* _Task to carry out_
Please restate the listing word for word, omitting the images.

* _Material provided_
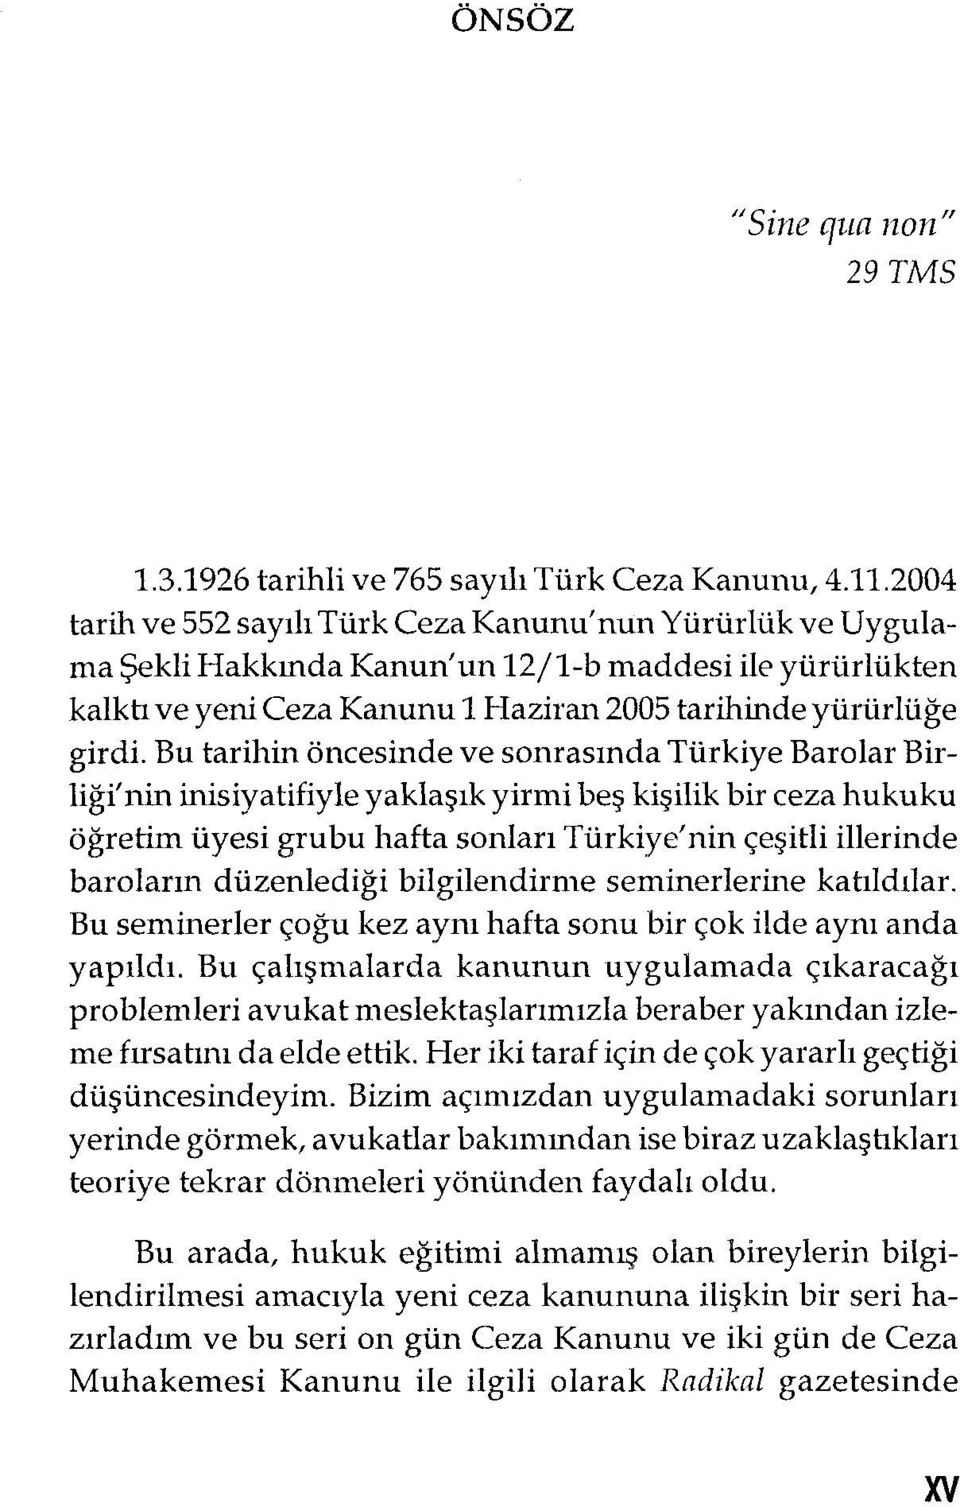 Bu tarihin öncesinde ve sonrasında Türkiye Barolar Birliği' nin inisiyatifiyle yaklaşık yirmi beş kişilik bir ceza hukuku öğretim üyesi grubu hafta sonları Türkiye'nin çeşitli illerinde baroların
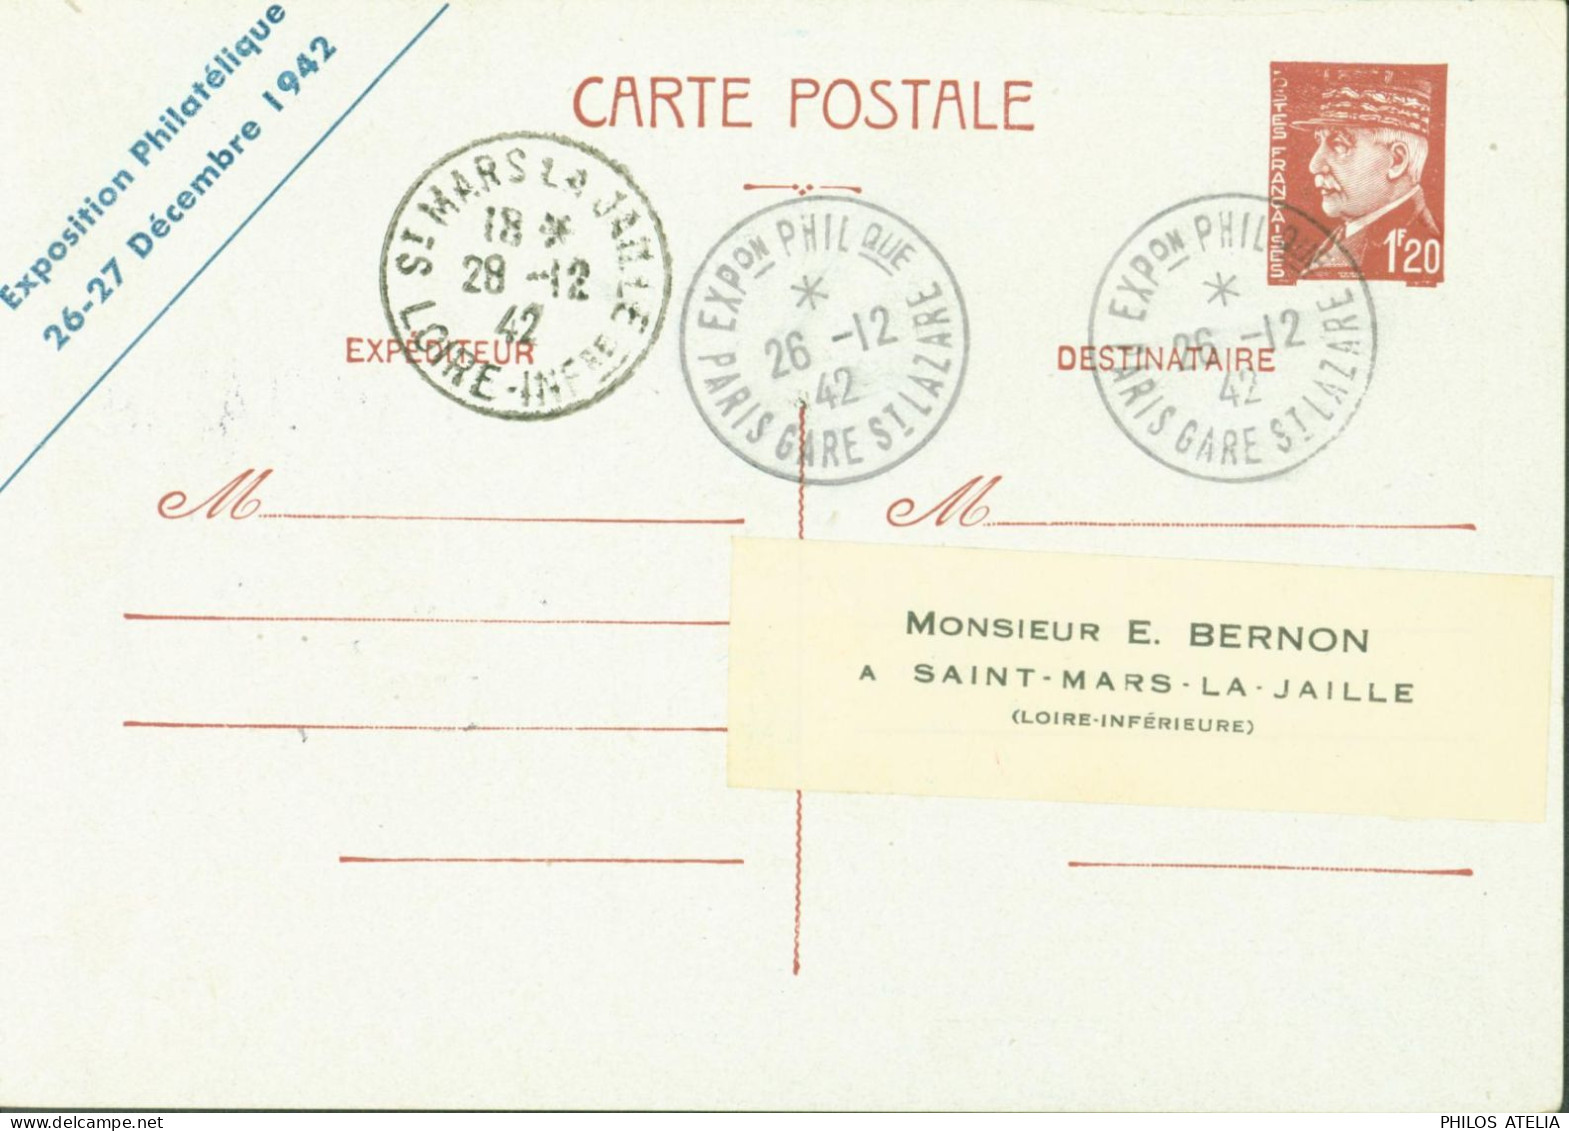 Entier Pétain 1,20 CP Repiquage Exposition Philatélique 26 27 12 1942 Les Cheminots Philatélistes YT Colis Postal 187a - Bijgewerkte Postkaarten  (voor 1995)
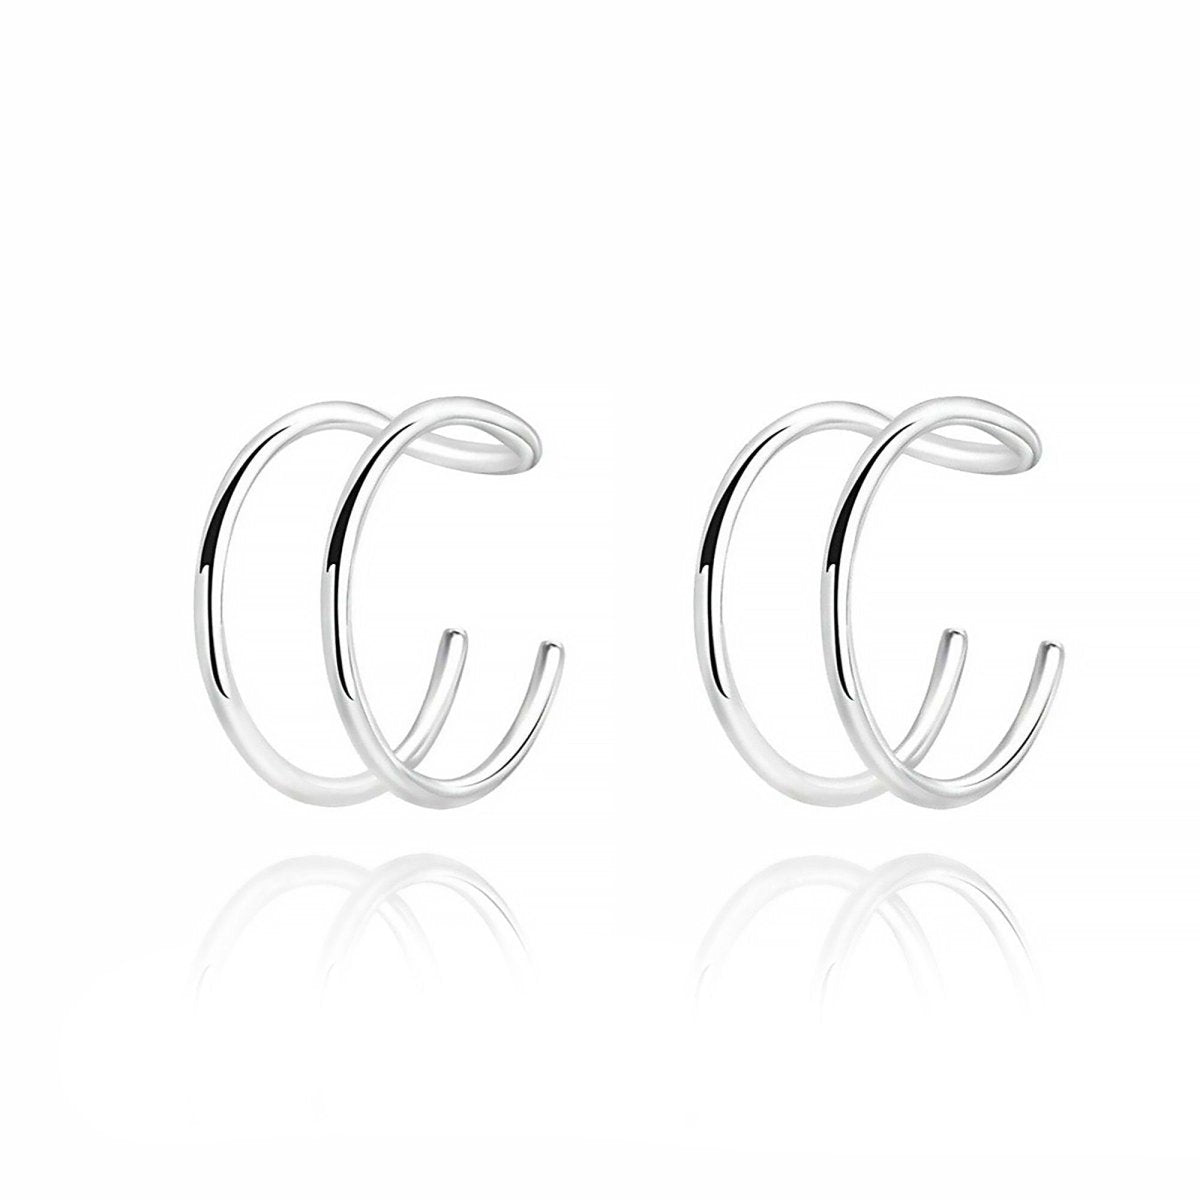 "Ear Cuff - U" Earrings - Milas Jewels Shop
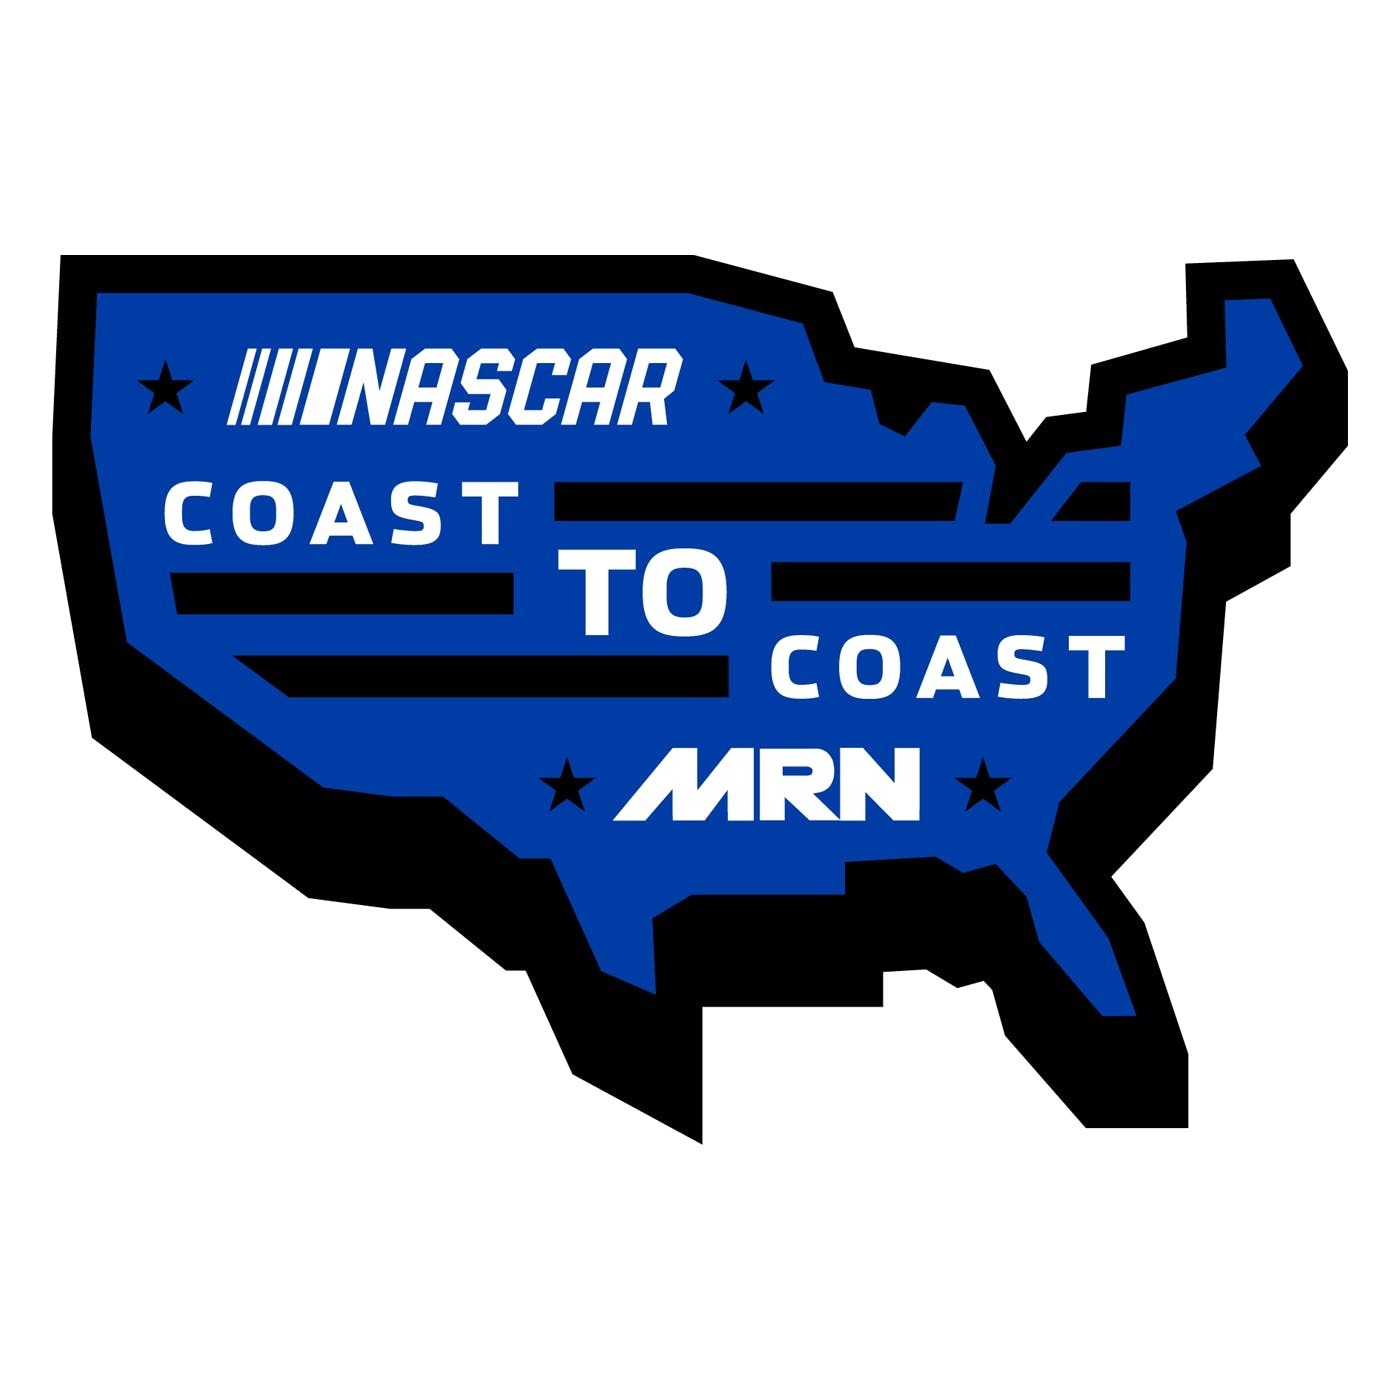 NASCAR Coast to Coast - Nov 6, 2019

* _Completed task_
 Bu tarihin öncesinde ve sonrasında Türkiye Barolar Birliği' nin inisiyatifiyle yaklaşık yirmi beş kişilik bir ceza hukuku öğretim üyesi grubu hafta sonları Türkiye'nin çeşitli illerinde baroların
 Entier Pétain 1,20 CP Repiquage Exposition Philatélique 26 27 12 1942 Les Cheminots Philatélistes YT Colis Postal 187a - Bijgewerkte Postkaarten  (voor 1995)
 "Ear Cuff - U" Earrings - Milas Jewels Shop
 NASCAR Coast to Coast - Nov 6, 2019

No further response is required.